Endlich bringt man sich auch in Lenzburg offiziell in Position. Während das Fricktal und die Region Brugg die politische Debatte längst ausgelöst haben, hat man sich in Lenzburg bisher bedeckt gegeben und sich zu allfälligen Plänen rund um die Suche des Kantons nach zwei zusätzlichen Mittelschulstandorten kaum verlauten lassen.

Auf Anfrage der AZ hat der Gemeindeverband Lebensraum Lenzburg Seetal (LLS) nun publik gemacht, dass aus der Region «mehrere Standorte in vier Gemeinden zur Überprüfung» nach Aarau gemeldet worden sind. Bis Ende Januar hatte man Zeit gehabt, dem Departement Bildung, Kultur und Sport (BKS) mögliche Areale bekannt zu geben. Welche Gemeinden ein konkretes Interesse an einer Kantonsschule angemeldet haben, wollte LLS-Geschäftsführer Jörg Kyburz nicht sagen. Nur so viel: «Die Verbandsgemeinden des LLS haben grosses Interesse daran, dass der neue Mittelschulstandort in unserer Region zu liegen kommt.» Für diese Lösung spricht laut Kyburz «die zentrale Lage, die Verkehrsanbindung und die Schülerströme aus den umliegenden Gemeinden und Regionen». Zur Frage allfälliger Präferenzen des LLS für einen der vier Interessenten erklärt Jörg Kyburz: «Aktuell nimmt der LLS bezüglich der einzelnen Bewerbungen eine neutrale Haltung ein.» Zur Standortfrage konkret äussert sich einzig der Lenzburger Stadtammann Daniel Mosimann. «Lenzburg könnte sich eine Kantonsschule auf dem Areal des ‹Alten Zeughauses› vorstellen.» Ob der Stadtrat weitere Standorte in Lenzburg auf dem Radar hat, dazu wollte sich der Stadtammann nicht äussern.

Druck vonseiten der SP

Viele junge Leute drängen an die Mittelschulen, die Platzverhältnisse werden zunehmend eng. Deshalb plant der Kanton, den aktuellen Kantonsschulen in Aarau, Baden, Wettingen, Wohlen und Zofingen zwei neue Standorte hinzuzufügen. Einer davon ist im Fricktal, der andere zwischen Lenzburg und Baden – also in der Region Lenzburg – Brugg. Brugg/Windisch als Konkurrent zu Lenzburg hat fünf mögliche Standorte gemeldet. Weitere Details sind aus Brugg und Windisch jedoch nicht zu erfahren. Angesichts der knappen Zeit seien Detailabklärungen mit den jeweiligen Grundeigentümern nicht möglich gewesen, lautet die Erklärung. In dieser Bredouille stecken auch die nebst Lenzburg übrigen drei Interessenten in der Region Lenzburg-Seetal, die sich eine Mittelschule in ihrem Dorf vorstellen könnten. «Aufgrund der momentan sehr offenen Ausgangslage konnten mit den Landbesitzern bis anhin keine Gespräche geführt werden», sagt Kyburz. Konkrete Bewerber beziehungsweise Standorte zu nennen, sei deshalb im jetzigen Zeitpunkt nicht möglich.
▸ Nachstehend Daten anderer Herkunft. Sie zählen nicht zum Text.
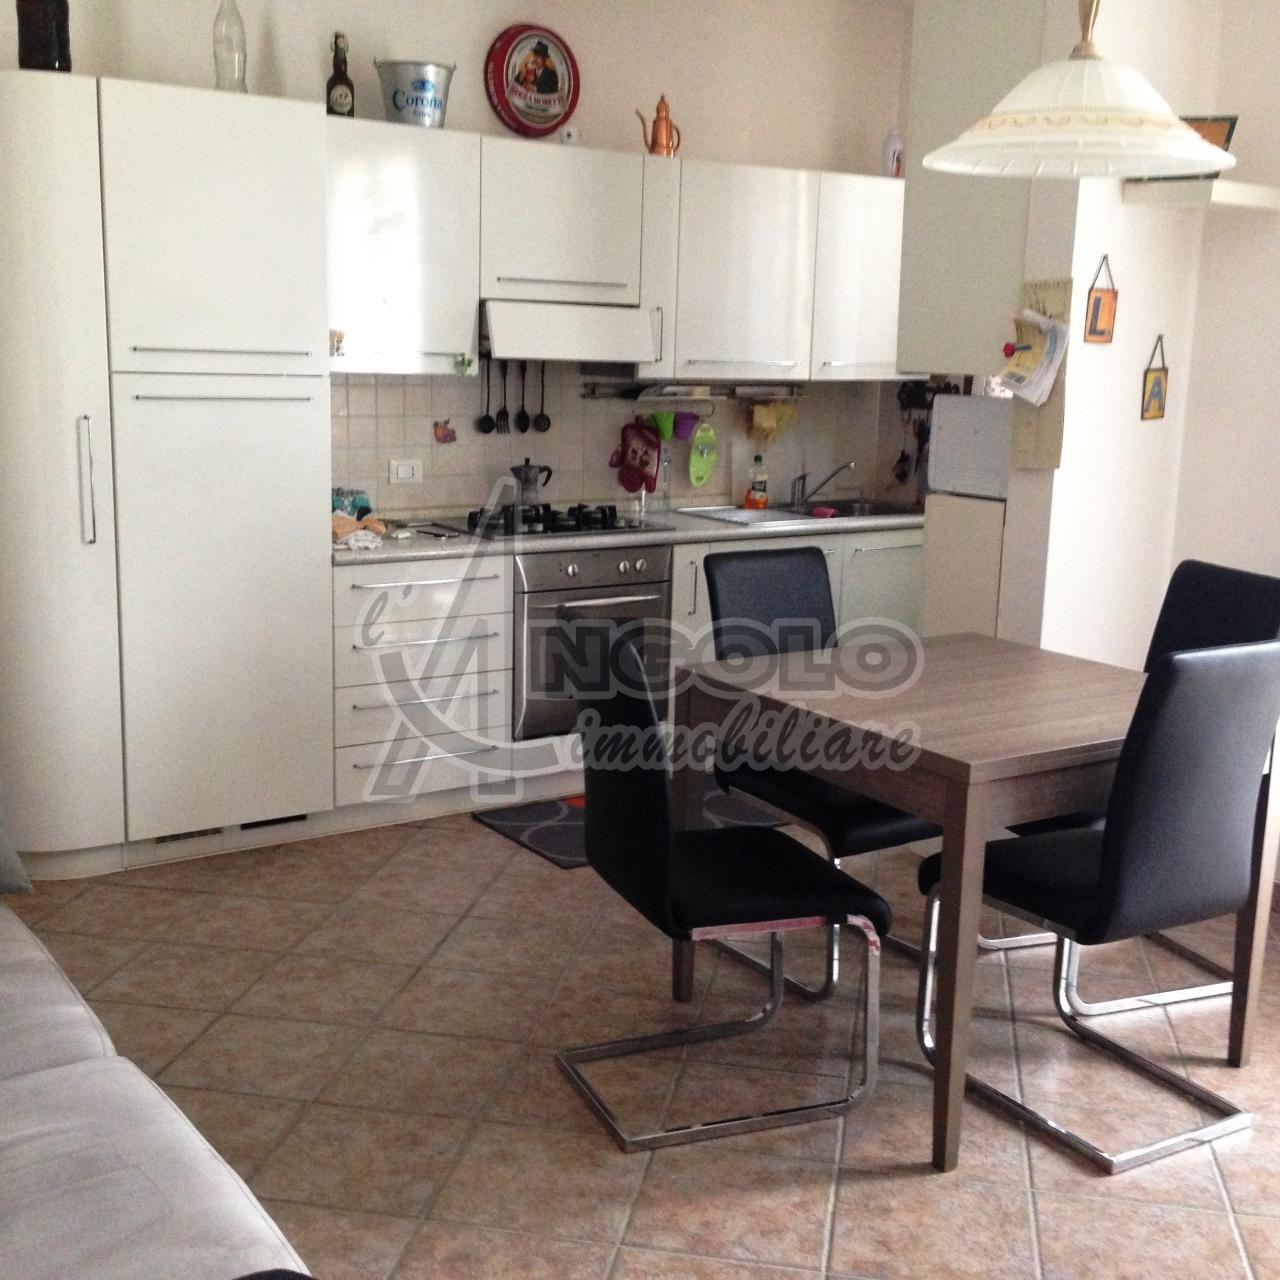 Attico / Mansarda in vendita a Occhiobello, 3 locali, prezzo € 95.000 | Cambio Casa.it

Lange war nicht klar, wie stark sich das offizielle Lenzburg tatsächlich ins Zeug legt, um im Rennen um das Gymnasium mitspielen zu können. Im vergangenen Herbst ist Mosimanns Partei, die SP, aktiv geworden und hat versucht, die politische Diskussion zu lancieren. In einem Postulat haben Beatrice Taubert und Remo Keller den Stadtrat aufgefordert, sich beim Regierungsrat aktiv dafür einzusetzen, dass eine der zwei geplanten neuen Tagesmittelschulen in Lenzburg aufgebaut wird. Der Stadtrat solle mögliche Standorte prüfen und allenfalls notwendige Landsicherungen vornehmen. «Lenzburg entspricht exakt dem Wunschstandort des Regierungsrates», hielt die SP fest. In ihrem Postulat hatte die SP zudem eine Zusammenarbeit der Stadt mit den umliegenden Gemeinden und allenfalls dem LLS gefordert.

Favoriten bis Ende März bekannt

Alle von den drei Regionen (Frick, Brugg und Lenzburg) eingereichten Standortvorschläge werden nun vom Kanton einer ersten Prüfung unterzogen. LLS-Geschäftsführer Jörg Kyburz hat beim BKS in Erfahrung gebracht, dass der Kanton bis Ende März ein grobes Evaluationsverfahren abschliessen will. Kyburz hält dazu fest: «Es kann davon ausgegangen werden, dass zu diesem Zeitpunkt die Standortfavoriten bekannt gegeben werden.» Im Anschluss daran sei es dem LLS möglich, detaillierte Informationen abzugeben.